Westbury may be an academic, but he’s one with a sense of humor. So when the aphasia project ended, he turned his attention to a new research topic: What makes “snunkoople” so funny?
His conclusions, which will be published in the January 2016 issue of the Journal of Memory and Language, form the first ever “quantifiable theory of humor,” Westbury said in a press release. It explains not just the hilariousness of “snunkoople,” but the enduring genius of the world’s wittiest made-up wordsmith, Dr. Seuss.
The theory gets its inspiration from two decidedly unfunny sources: the 19th century German philosopher Arthur Schopenhauer, and math.
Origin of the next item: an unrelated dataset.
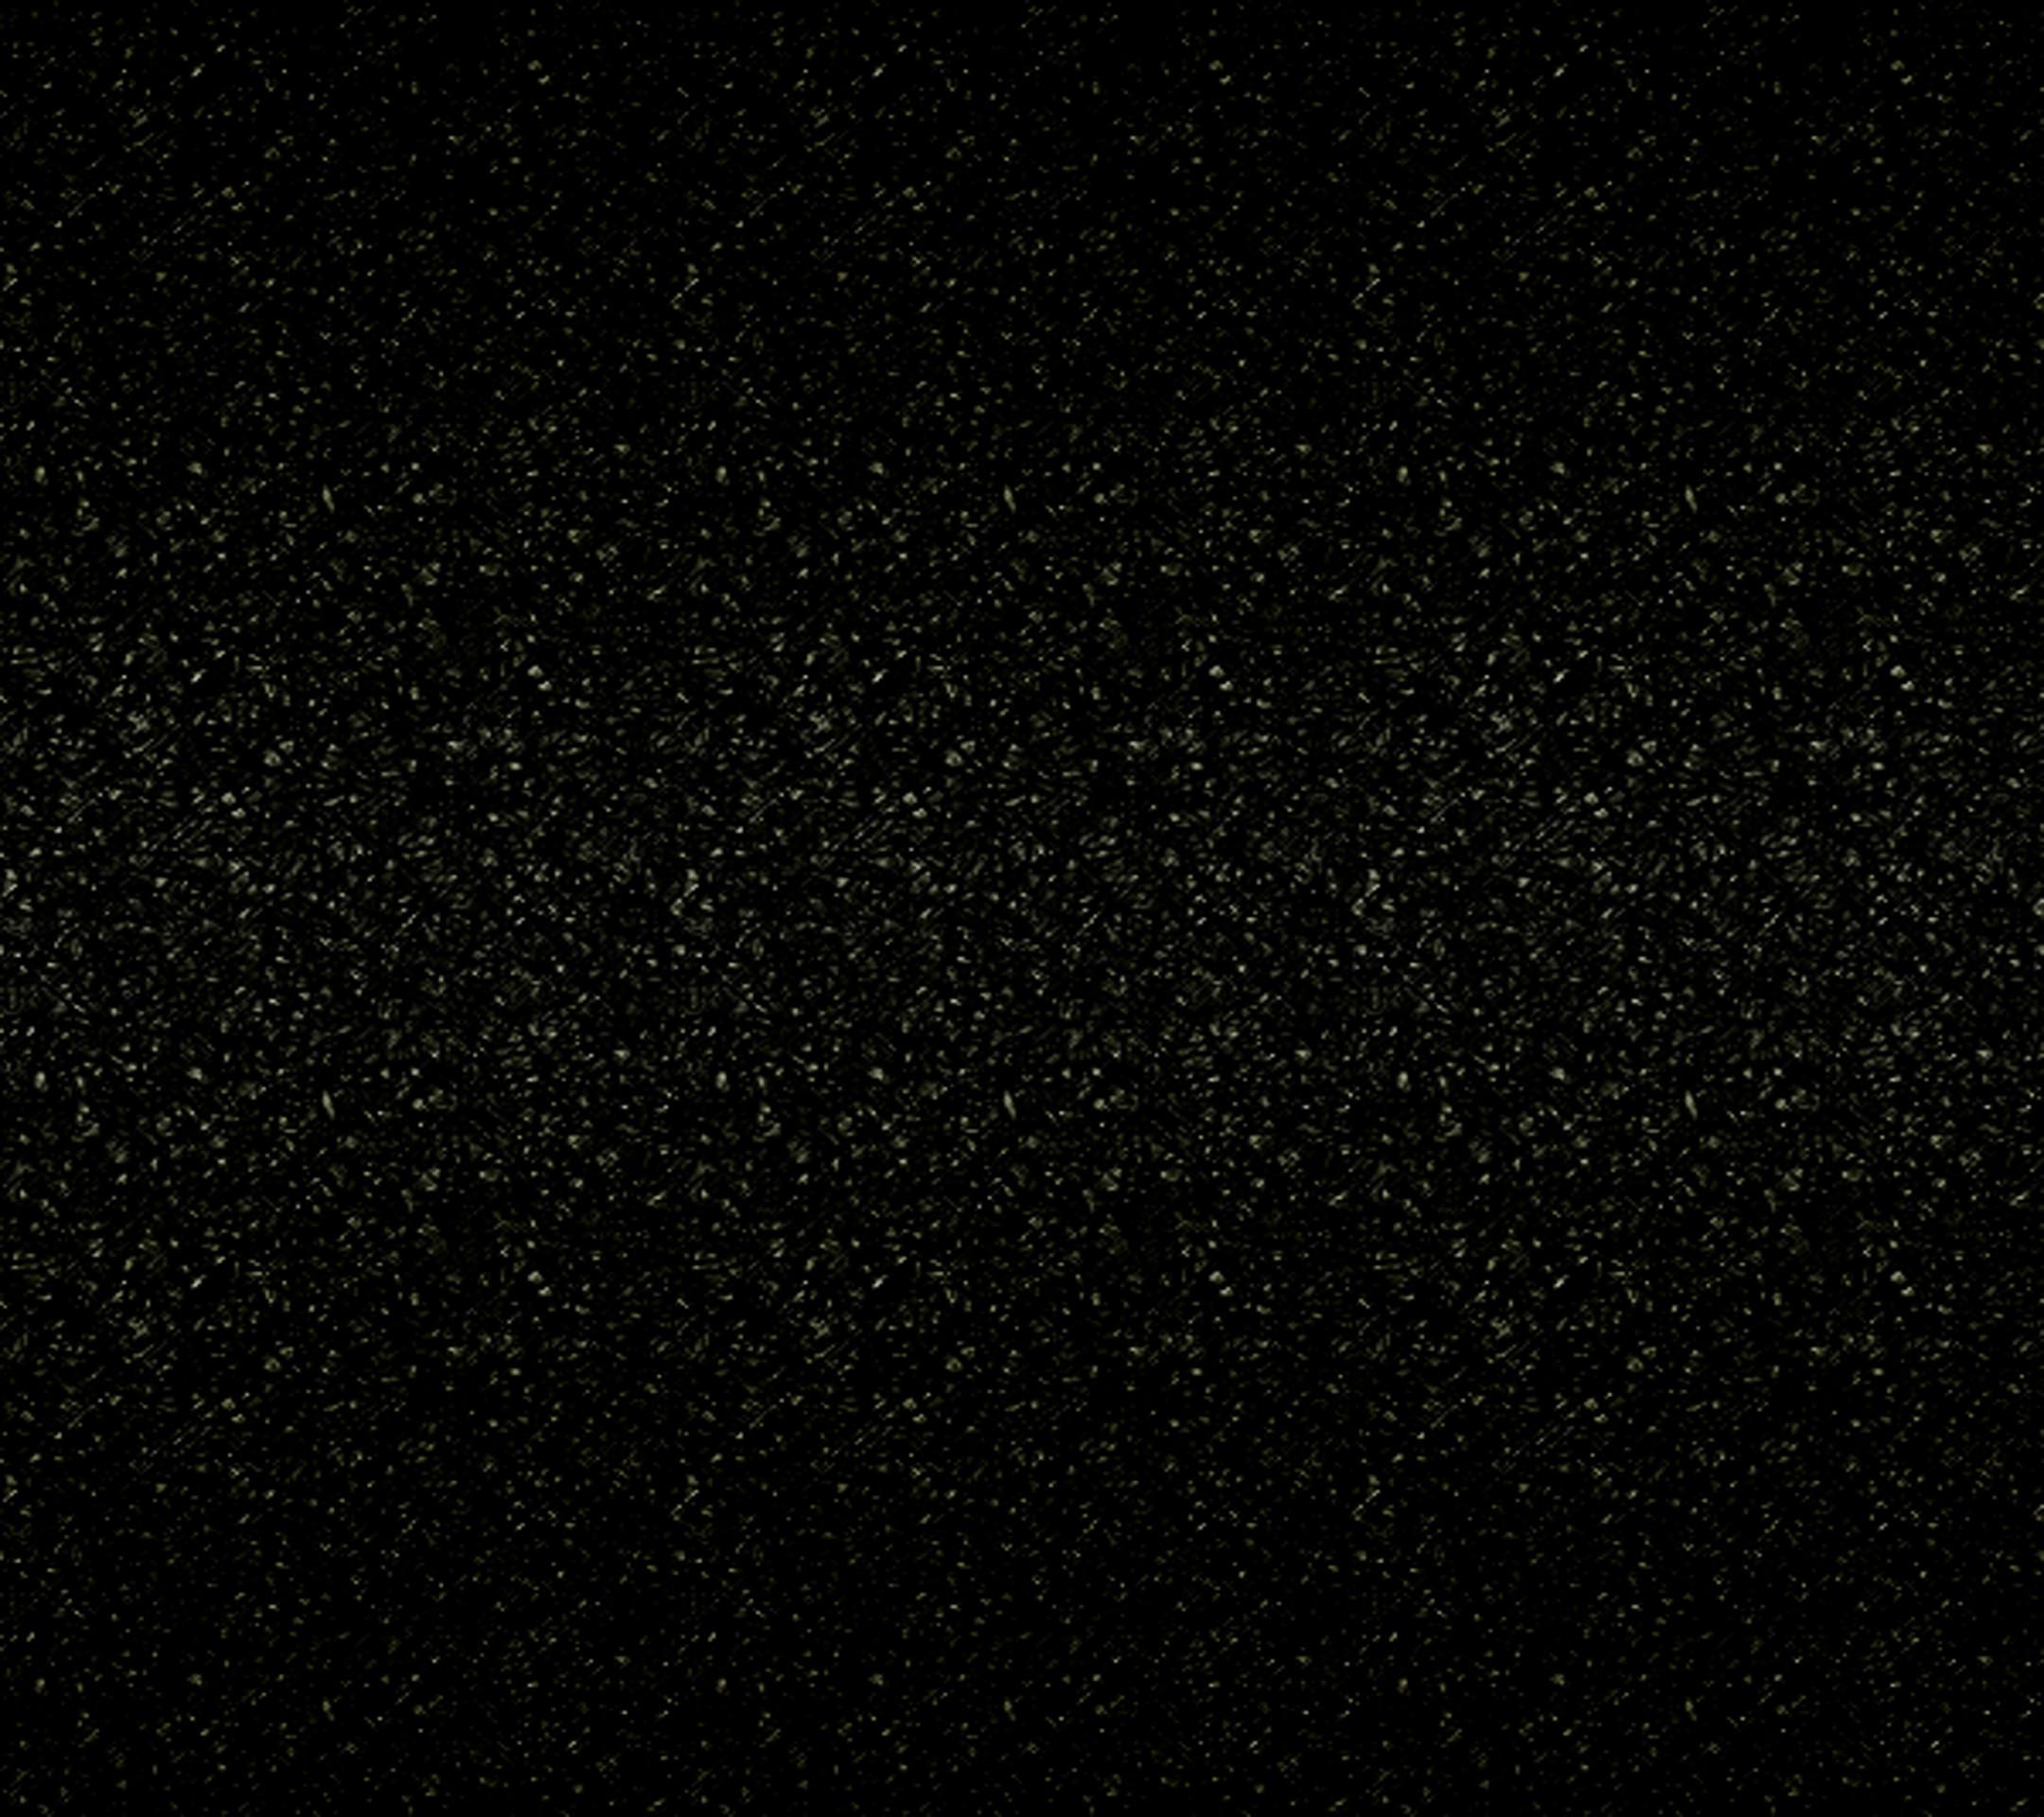 模様黒クール Wallpaper Sc スマホ壁紙

Schopenhauer is better known for establishing a philosophy called “Pessimism” than theorizing on the principles of humor. But he apparently did find time to jot down some thoughts on comedy, among them, the idea that things are funny when they violate our expectations. This idea, termed “incongruity theory,” explains why people laugh at puns and the sight of a dozen clowns clambering out of a teeny, tiny car — both defy what we expect to hear or see.
This probably held true for funny words too. An unusual nonword like “snunkoople” or Dr. Seuss’s “yuzz-a-ma-tuzz” would be more likely to make people laugh than one that sounds like it could almost be real, like “clester.”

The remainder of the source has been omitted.